Because this accident is simple to solve, but it directly challenges our understanding of the service. If we do not find the root cause, it is difficult to carry out the follow-up work with confidence.

Our previous understanding of services can be summarized as follows:

 Adding attributes will not cause client deserialization failure.

 

However, this is not an official statement, but a rule summarized by developers through actual use. The summary of experience is often lack of theoretical support, and can't do anything when encountering problems.

When a problem occurs, the exception stack captured by the client is as follows:

 System.Runtime.Serialization.SerializationException HResult=0x8013150C Message=ObjectManager found an invalid number of link address information. This usually indicates a problem in the formatter. Source=mscorlib StackTrace: In System Runtime.Serialization.ObjectManager.DoFixups() In System Runtime.Serialization.Formatters.Binary.ObjectReader.Deserialize(HeaderHandler handler, __BinaryParser serParser,  Boolean fCheck, Boolean isCrossAppDomain, IMethodCallMessage methodCallMessage) In System Runtime.Serialization.Formatters.Binary.BinaryFormatter.Deserialize(Stream serializationStream,  HeaderHandler handler, Boolean fCheck, Boolean isCrossAppDomain, IMethodCallMessage methodCallMessage) In System Runtime.Serialization.Formatters.Binary.BinaryFormatter.Deserialize(Stream serializationStream)

It can be seen from the exception stack that an exception occurred during binary deserialization.
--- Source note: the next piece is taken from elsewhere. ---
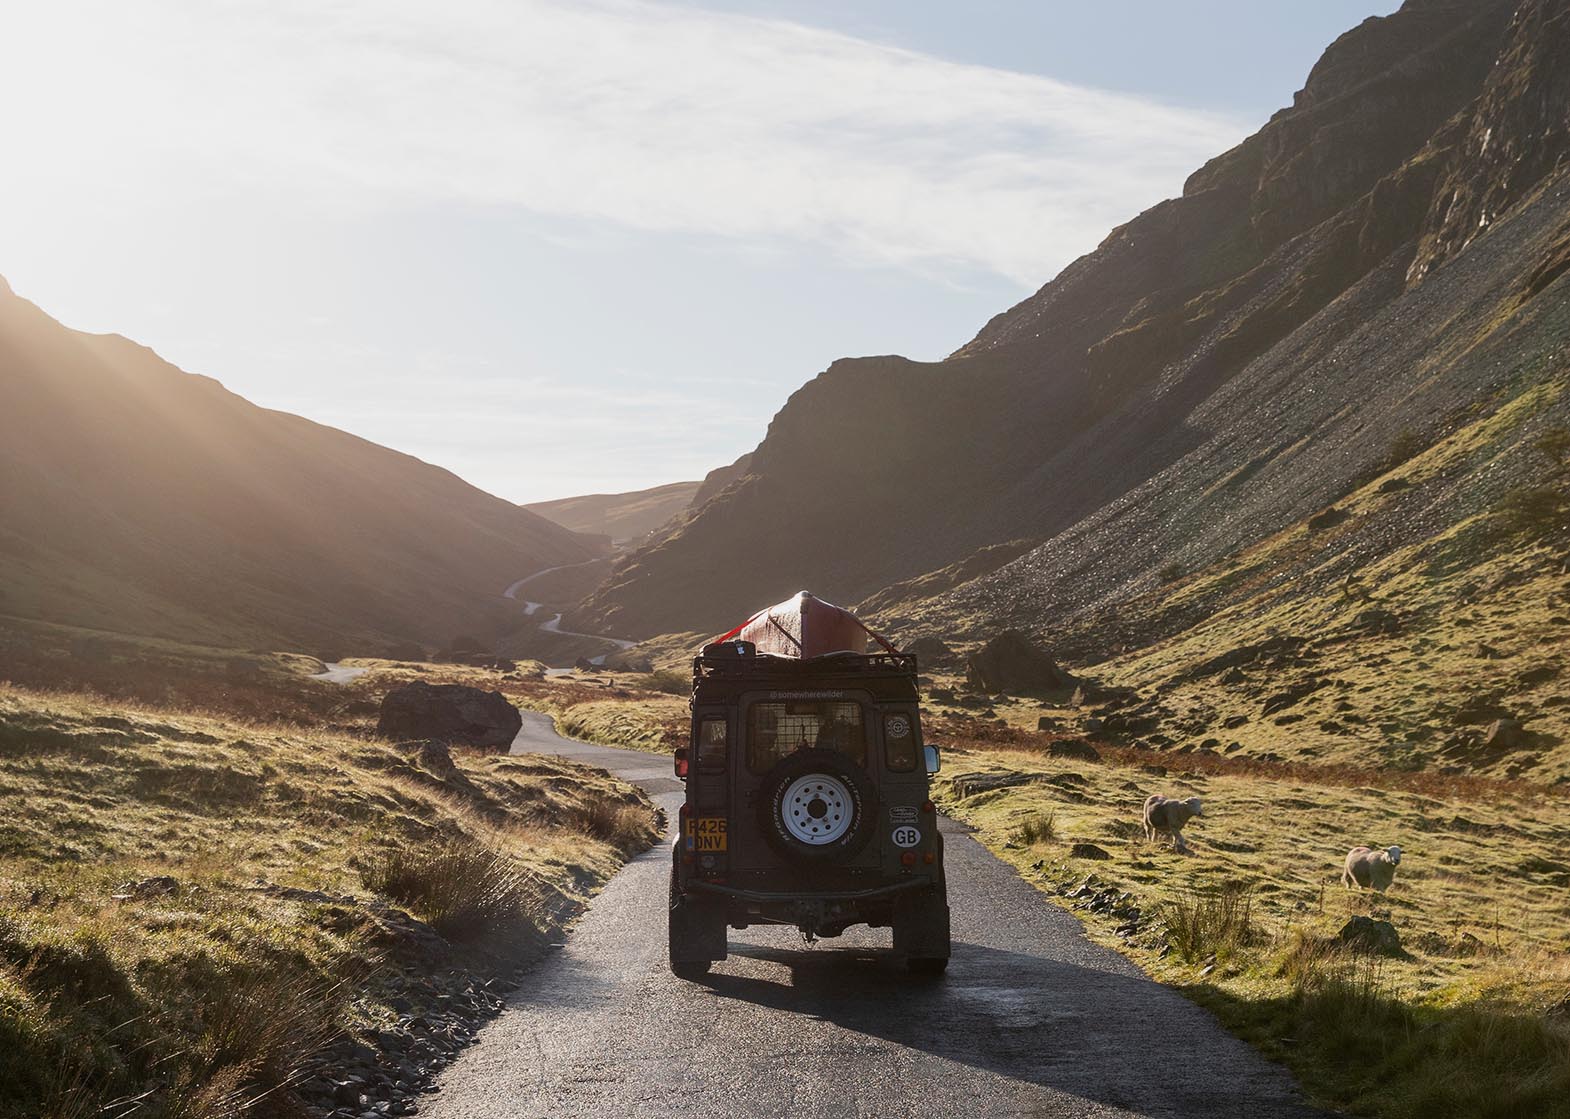 Image of a Land Rover with a canoe on the roof driving up Honister Pass whilst the sun is shining.
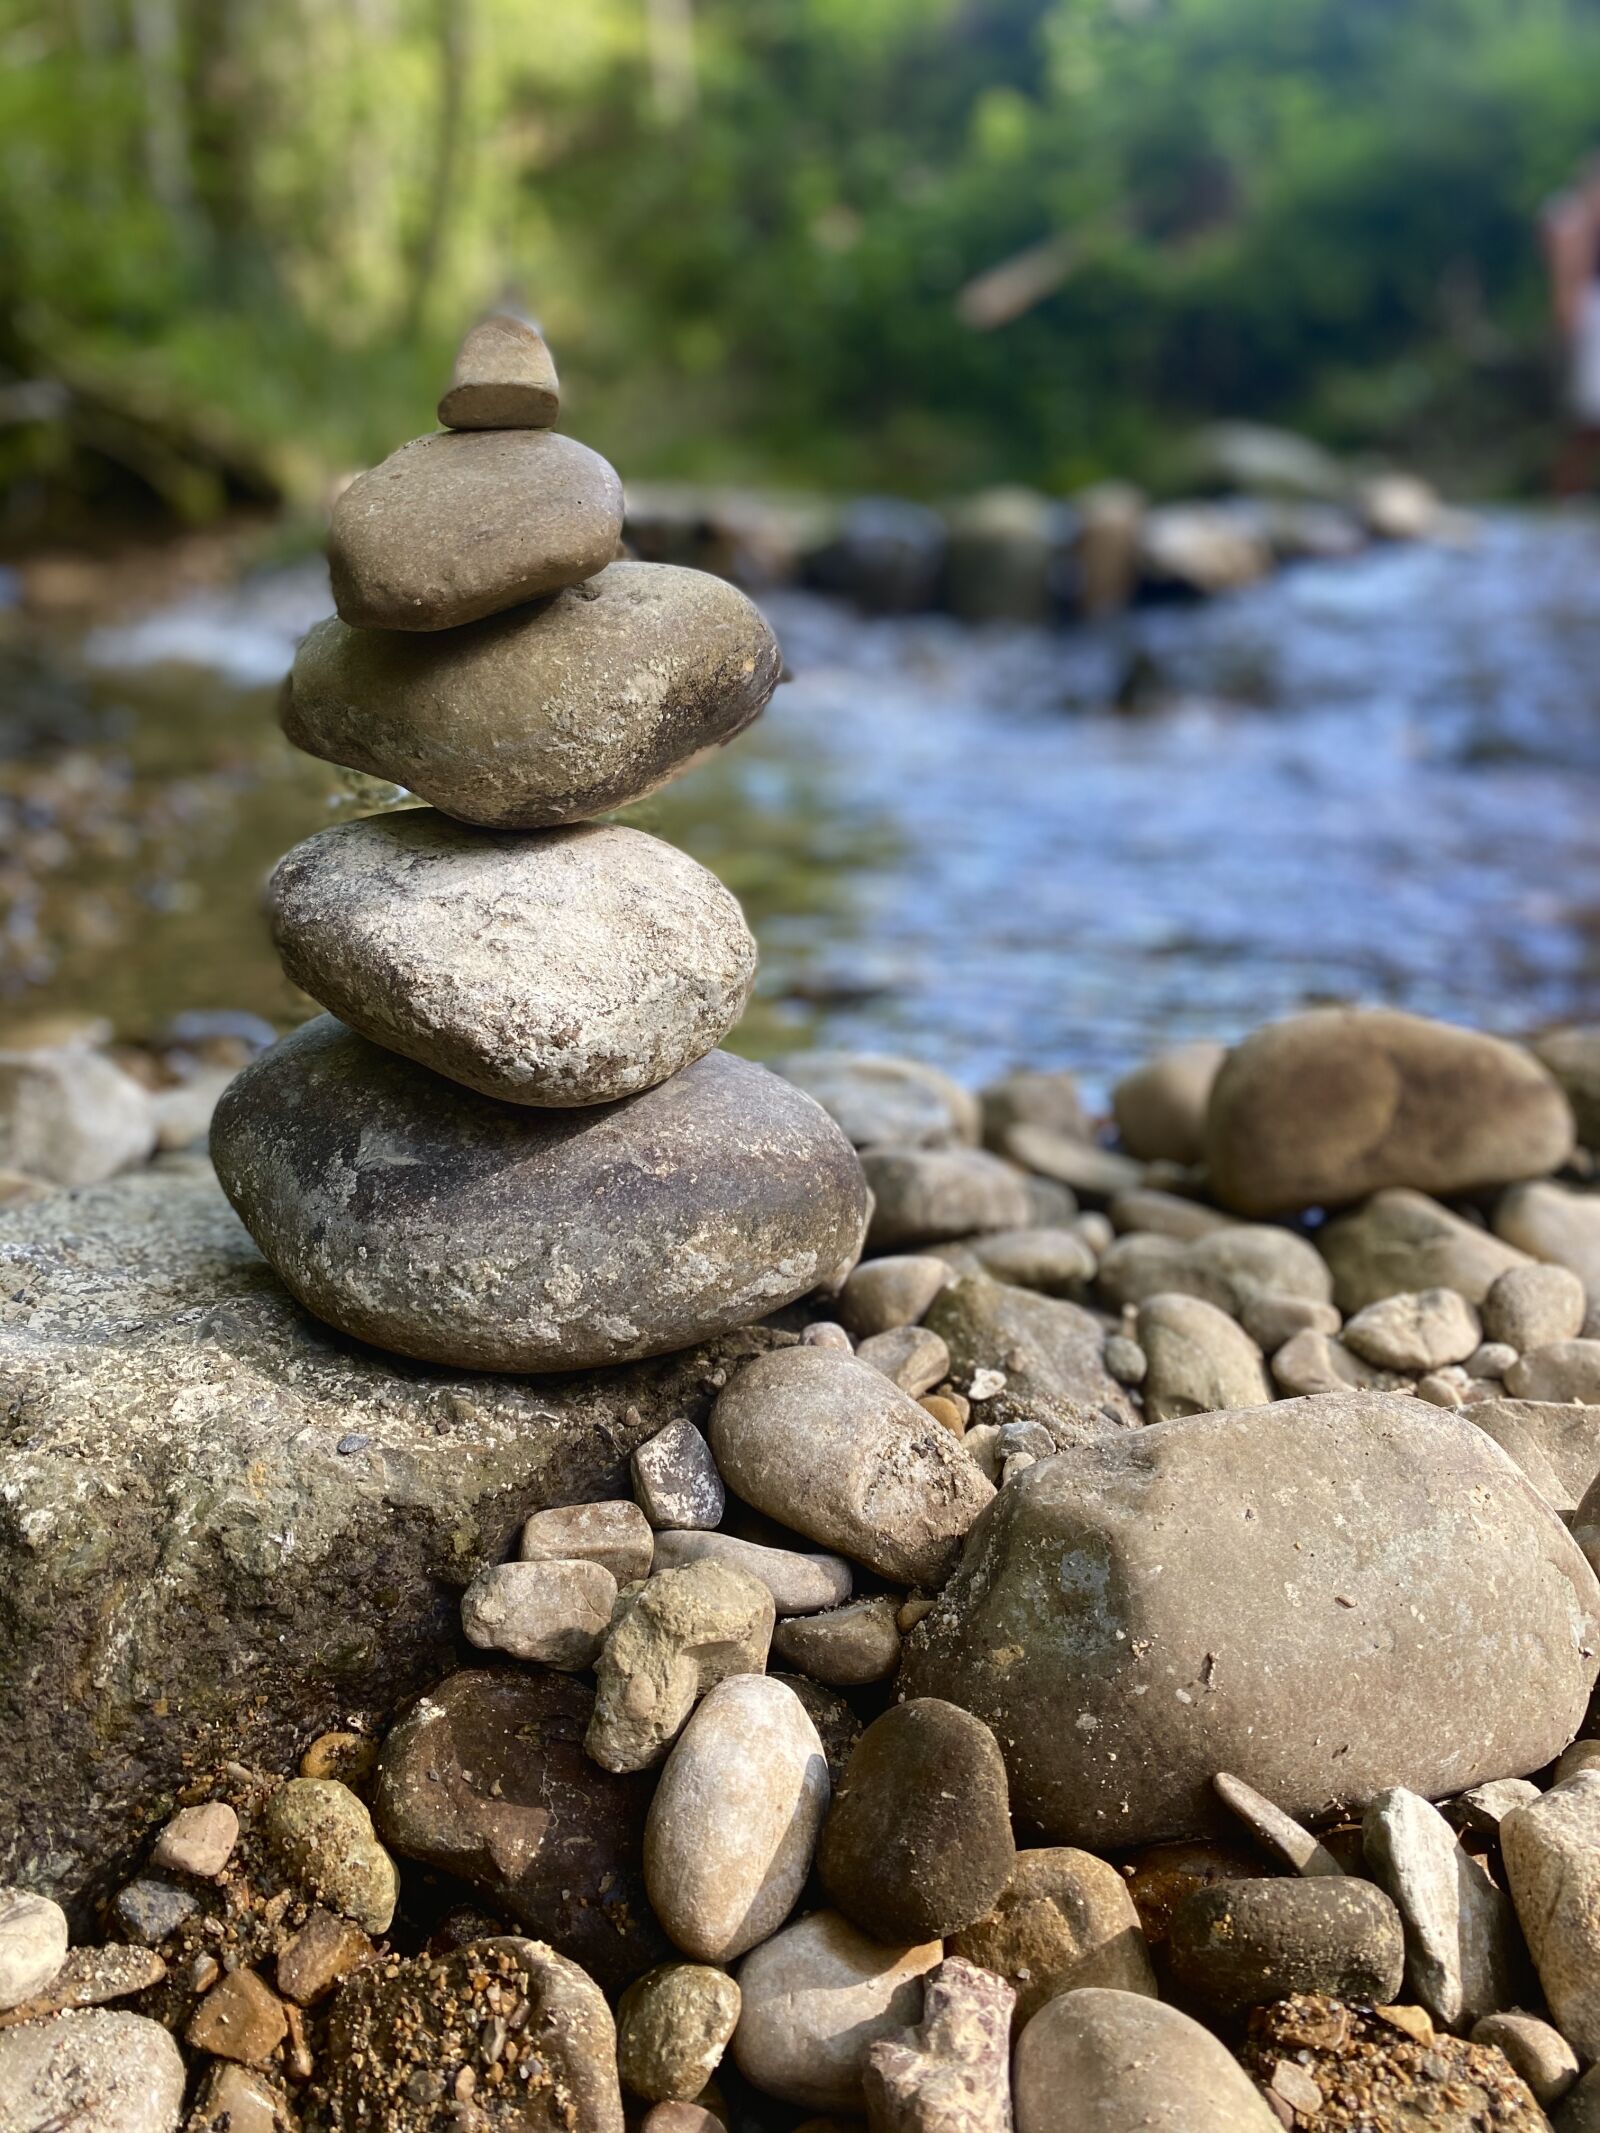 iPhone 11 back dual wide camera 4.25mm f/1.8 sample photo. Stones, art, nature photography

Through multiple access to data, the views on this issue can be basically summarized as two points:

  1. The client used for deserialization is too old. Replace the class used for deserialization with the latest class.
  2. This problem is related to generic collections. If generic collections are added, this problem is likely to occur.

The first view is not helpful to solve the current problem, while the second view is somewhat useful. It is understood that the microservice interface involved in the patch released that day did not add a generic set attribute, but added the assignment logic to a generic set that was previously added but not used. Later, after testing, it was really caused by this change. It can also be seen that the experience summarized by developers in the daily development process has some limitations, and it is necessary to analyze in depth under what conditions binary serialization will lead to deserialization failure.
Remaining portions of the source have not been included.